Fire As an Agent, More Than a Tool

As alluded to early on, the existing literature suggests that historically, Indigenous peoples understood that humans were not the only agents of change in the boreal forest [70]. For Cree people for example, fire is seen as a being that has a spirit. Offerings (like tobacco or sage) are made to the fire spirit in ceremony (Phillip Campiou, Cree Elder, personal communication).Footnote 5 Baker [72] has documented a creation story from Bigstone Cree Nation Elder Albert Yellowknee when she asked about fire use in the boreal forest: “… the creator breathes fire into two poplar trees for them to become humans. In this sense, fire is a life-giving force. He reminded me that everything is interconnected, fire included.” For many, this understanding of sacred fire persists. More than simply a form of combustion, landscape fires are understood as being connected to a wider set of human-land relationships and, in some cases, agents of change with profound implications for those that interact with it.
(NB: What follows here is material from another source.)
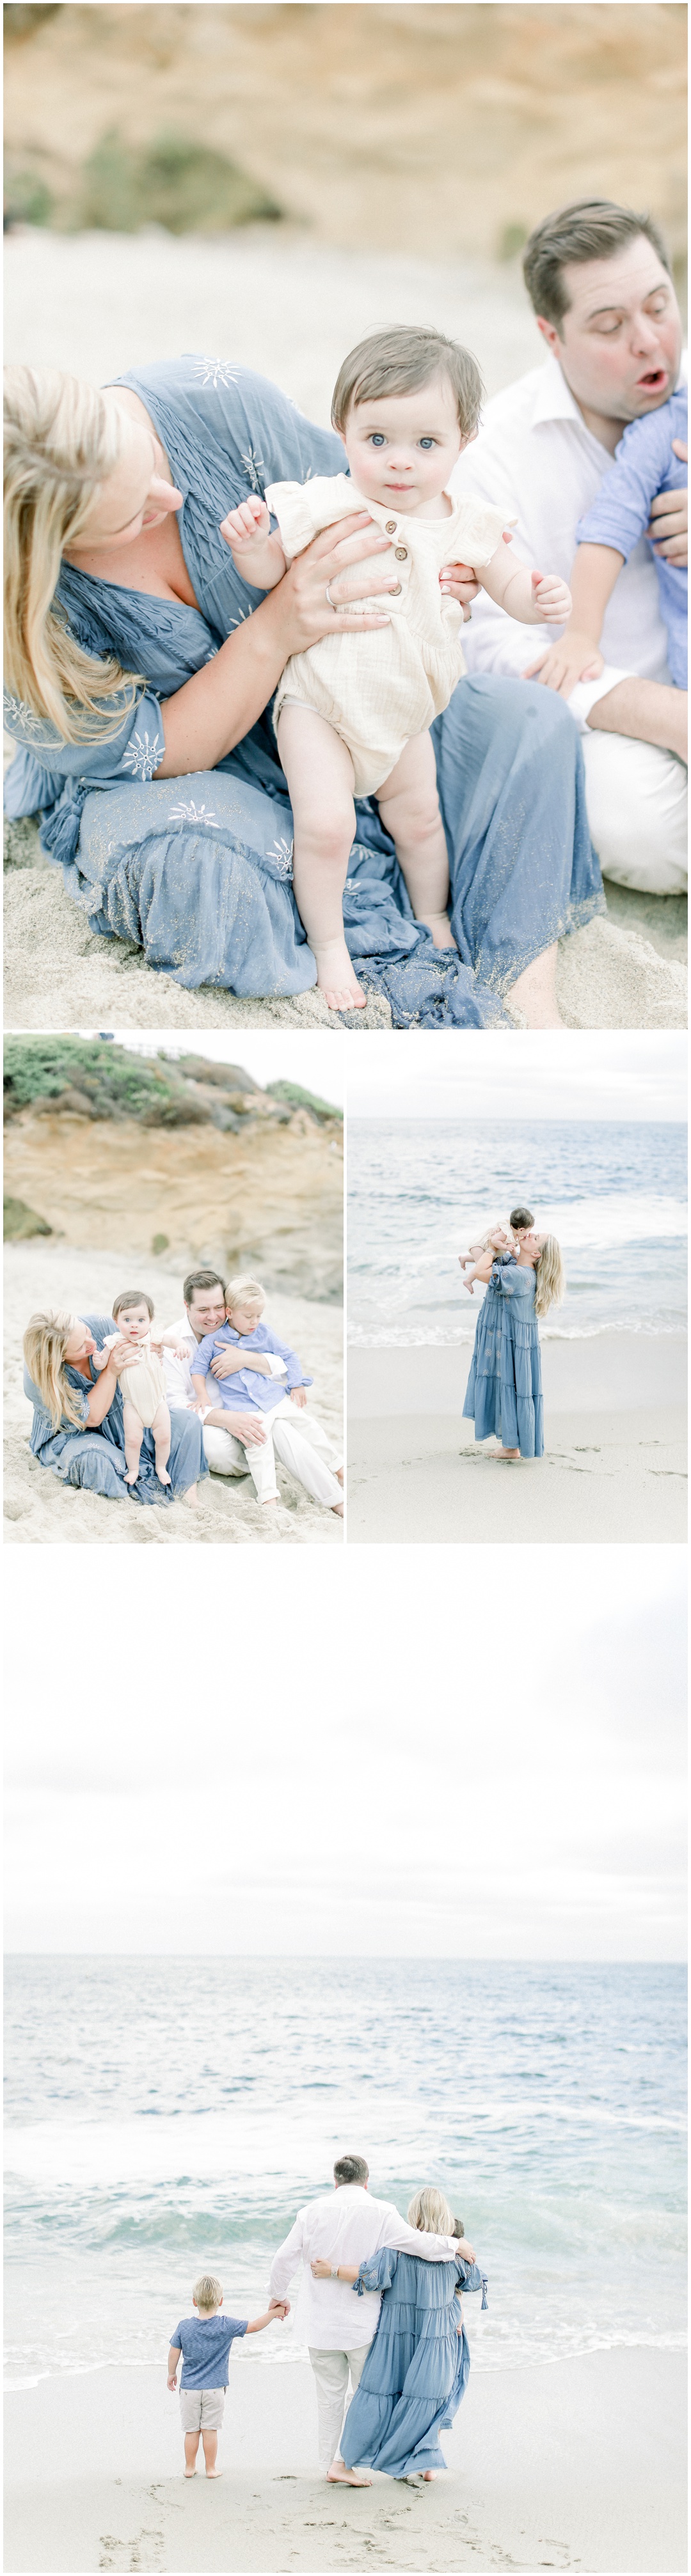 Newport+Beach+Newborn+Photographer+Orange+County+Family+Photographer+Cori+Kleckner+Photography+The+McClure+Family+Gracie+McClure_4385.jpg

Anishinaabe of Pikangikum First Nation Elders, located in what is now northwestern Ontario, described fire in relation to a larger cosmological reality, conferring agency to beings like beenaysee eshkotay or thunderbirds, and the process of burning itself. Miller and Davidson-Hunt [47] explored how Elders perceived forest fires as beings “which [possess] agency and who intentionally create order in landscapes.” Elders also discussed fire as an expression of agency, a process capable of growth, travel, and both a source of destruction and renewal. Resting at night and active in the day, fire is understood as a living component of the landscape. While fire destroys and takes life, it is also a source of life. Burned areas are rapidly recolonized by plants and animals and provide new growth and increased food opportunity for both humans and relations [47], and have other impacts on forest renewal.

For Shoal Lake Anishnaabe, as described by Berkes and Davidson-Hunt [9: p. 42]:

In the Anishinaabe perspective, the Creator placed the people in Iskatewizaagegan (Shoal Lake) and provided everything that they would need for their survival in that place. In return, the Anishinaabe hold the responsibility to maintain these gifts. Practices that harm these gifts can lead to consequences for an individual or the individual’s family. At the landscape scale, there is a basic duty upon the Anishinaabe not to influence abundance or distribution of habitats. In a workshop with elders in Pikangikum, the same principle emerged and was concisely translated into English as, “as was, as is”. The creation of blueberry patches through repeated burning was not seen as a contradiction of this principle. Burning or other disturbance simply reveals the different combinations of plants that are naturally present in the landscape.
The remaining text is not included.